Kranton has held positions at the University of Maryland and Duke University, and received research fellowships at the Russell Sage Foundation and Princeton's Institute for Advanced Study. In 2011–12, Kranton was a visiting professor at the Paris School of Economics. She served as dean of social sciences at Duke University from July 2018 to June 2022.

== Research ==
Rachel Kranton's research interests is on the effect of institutions and the social setting on economic outcomes. She has made huge influence in the field of Identity Economics and the economics of networks. Her work includes a general framework to study social norms and identity in economics (together with her collaborator George Akerlof) and formal models of strategic interaction in different economic settings.
Her publications can be found in the link * Kranton's Duke econ page
She has achieved grant for her researches: Social Influences on Financial Decision Making, Networks, Public Goods, And Social Interactions: At The Edge Of Analytics and Complexity and Collabarative Research: CDI-Type I: Innovation in Social Networks.

== Recognition ==
Rachel Kranton was elected fellow of the American Academy of Arts and Sciences in 2020. She was elected to the National Academy of Sciences in 2021.

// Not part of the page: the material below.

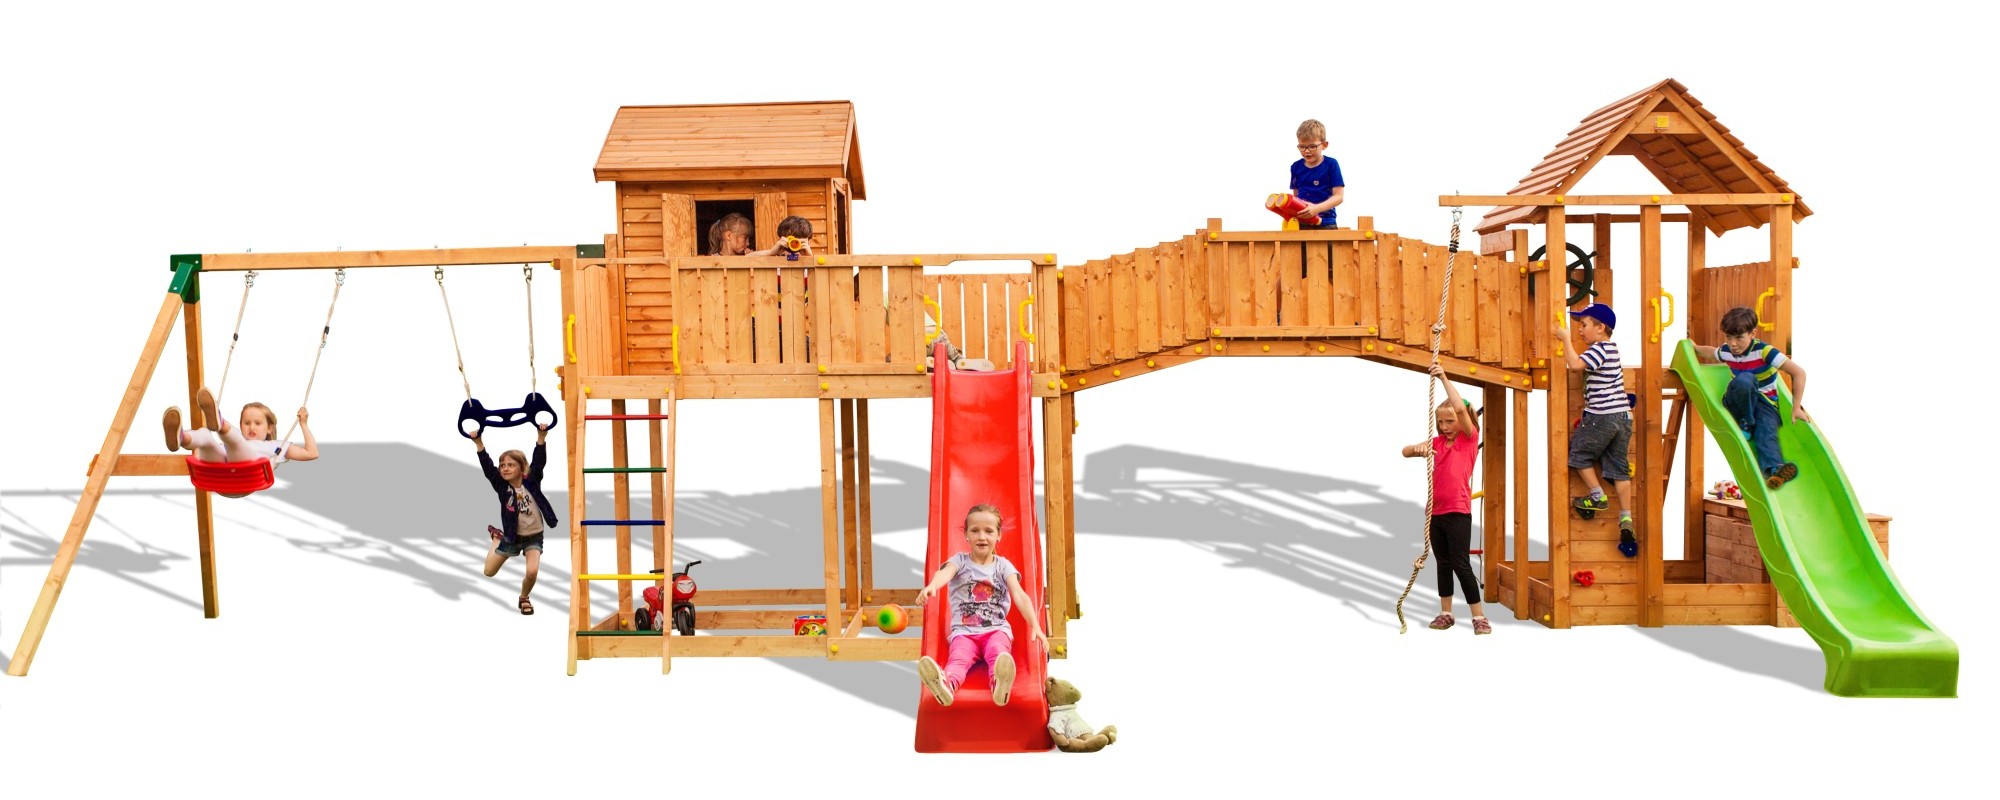 Plac zabaw drewniany XXL Smile Farm 2x domek, 2x zjedalnia, 2x hutawka, cianka i lina wspinaczkowa, drabinki, most

Rachel Kranton was recognized in an article by Gregory Phillips (a communications manager at the Fuqua School of Business & staff member at Duke University)'Desire To Be In A Group Leads To Harsher Judgement Of Others,' which recognized Kranton for her study of "groupiness." This study divided a portion of 141 participants into
three different settings, including, 1)declared political leanings, 2)a more neutral group using the participants preferences of similar poems and paintings, 3)a random grouping. These three groups were asked to distribute money amongst themselves in their groups, or to themselves and someone outside their group. This test was used to determine if there were discriminatory factors against people outside of their groups. Yet, the result of this study found that this separate grouping created biases against people outside of their group, regardless of their political beliefs. It was found that a third of the participants were more likely to be politically independent and not have a group bias in the allocation of these assets. Some of the other findings was that the "groupiness" of people does not relate to gender or ethnicity.

== Notable previous positions ==
- Dean of Social Sciences, Trinity College, Duke University, 2018–2022.
- Professor, Department of Economics, Duke University, 2007–2012.
- Chaire Blaise Pascal, Paris School of Economics, 2011–2012.
- Professor, Department of Economics, University of Maryland, 2004–2008.
- Visiting associate professor, Department of Economics, Princeton University, 2002–2003
- Member, School of Social Science, Institute for Advanced Study, 2001–2002.
- Russell Sage Foundation Visiting Scholar, New York, NY, 1997–1998.

== Professional service ==
- Founding executive committee, Economic Research on Identity, Norms, and Narratives (ERINN), 2016–present.
- Core, Theoretical Research in Development Economics (ThReD), 2015–present.
- Managing editor, The Economic Journal, 2017–2020.
- Executive committee (elected member), American Economic Association, 2015–2018.
- Editorial board, Journal of Economic Literature, 2013–2019.
- Editorial board, American Economic Review, 2001–2007.